Обед в ресторане «Тоска по дому»
Шрифт:
Улыбка исчезла с лица Люка.
— Кудаона бежала?
— К Эзре, но это неважно… Это просто…
— Она сбежала не к Эзре, она собиралась уехать к своим родным, — сказал Люк.
— К каким родным? — спросил Коди.
Люк не знал.
— Она сирота, — сказал Коди. — К каким родным?
— Ну, может быть…
— Она собиралась к Эзре, — повторил Коди. — Это ясно как божий день. Представляю, как она, едва ступив за порог моего дома, сразу же начала бы с ним новую семейную жизнь. Недаром мне всегда казалось, что у нас нет семьи. Это чужая семья. Их семья. Иногда мне даже нравилось смотреть на все это как бы чужими глазами.
— Зачем ты мне это говоришь?
— Просто я хотел…
— Ты что, сумасшедший? Почему ты год за годом цепляешься за все это?
— Нет, погоди…
— Мама! — Люк потряс Рут за плечо. — Мама!
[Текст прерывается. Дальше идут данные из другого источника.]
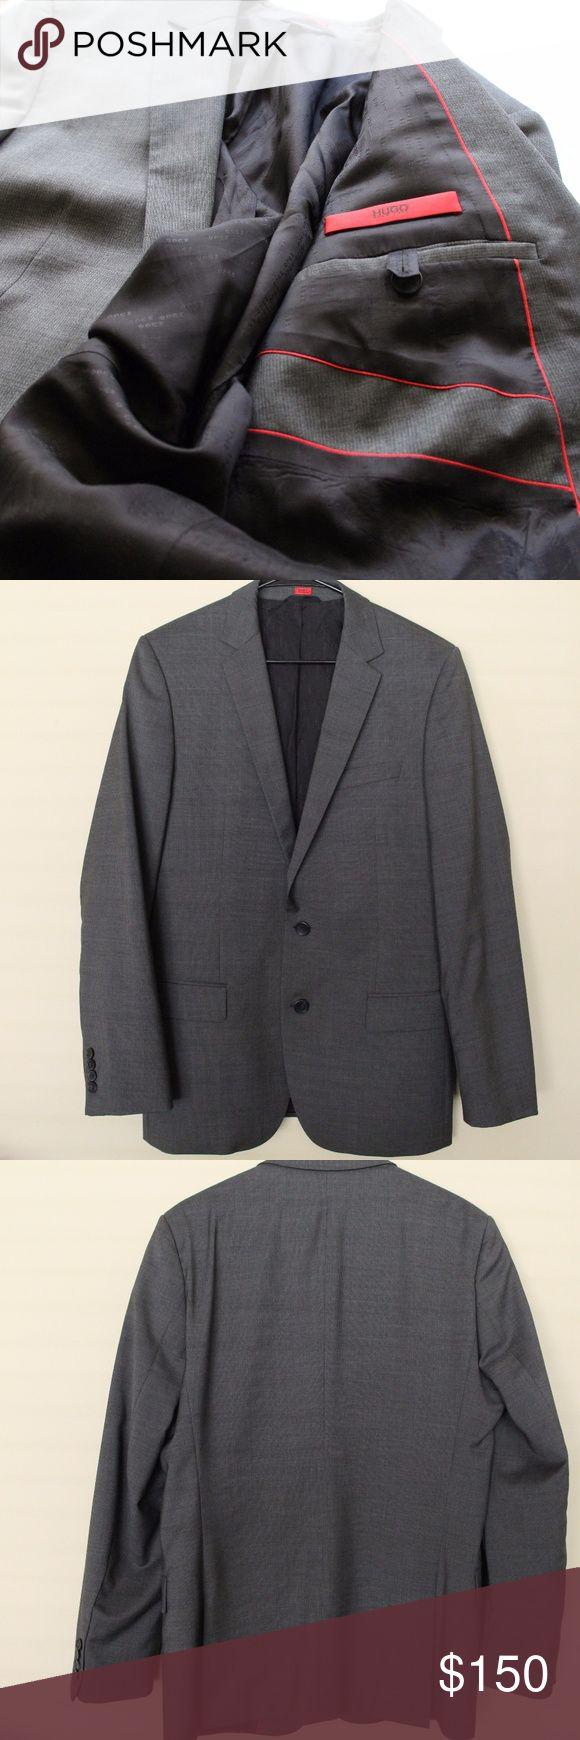 best 25 hugo boss suit ideas on pinterest hugo boss. Black Bedroom Furniture Sets. Home Design Ideas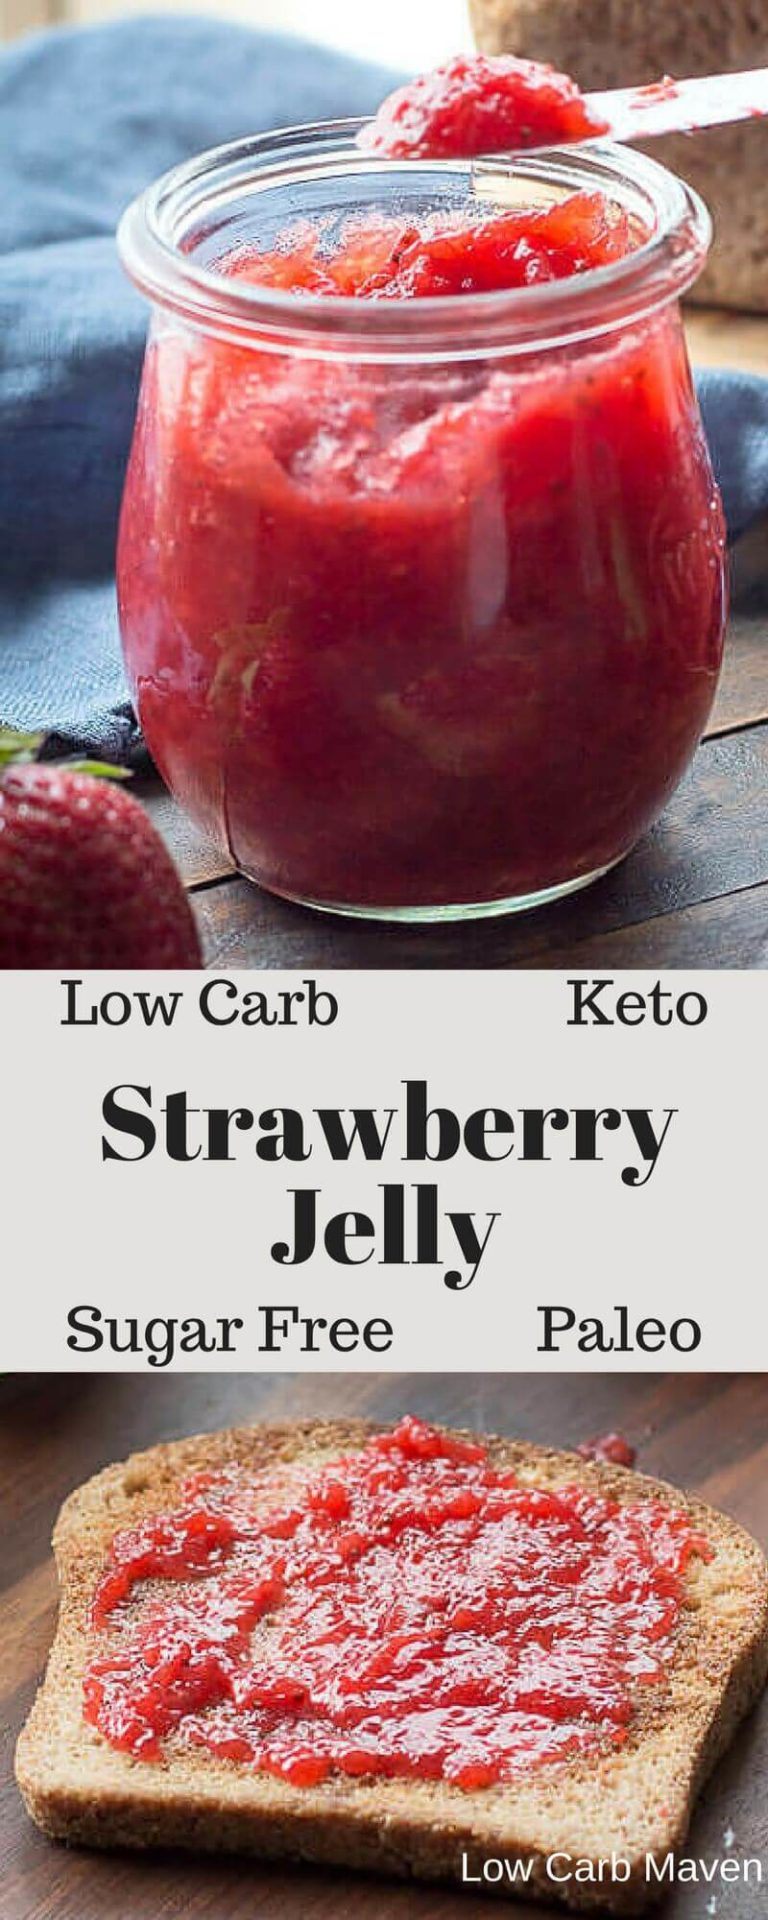 Sugar-Free Strawberry Jam (low carb, keto)

Проснись!
Голова
— Пусть спит, — сказал Коди. — Люк…
— Мама, проснись!
— М-м-м, — промычала Рут во сне.
— Мама! Я хочу спросить тебя. Мама! Помнишь, как ты взяла меня и ушла от папы?
— М-м-м…
— Помнишь?
— Да, — пробормотала она и еще глубже утонула в сиденье.
— Куда ты собиралась тогда увезти меня?
Рут подняла голову, волосы ее растрепались, она устремила на Люка сонный, невидящий взгляд.
— Что? — спросила она. — В округ Гаррет, к моему дяде. А кого это интересует?
— Никого, — сказал Коди. — Спи.
Рут вновь уснула, Коди задумчиво потер подбородок.
Они мчались по световому коридору среди непроглядной тьмы. Редкие автомобили пролетали мимо и мгновенно исчезали. Веки у Люка слипались.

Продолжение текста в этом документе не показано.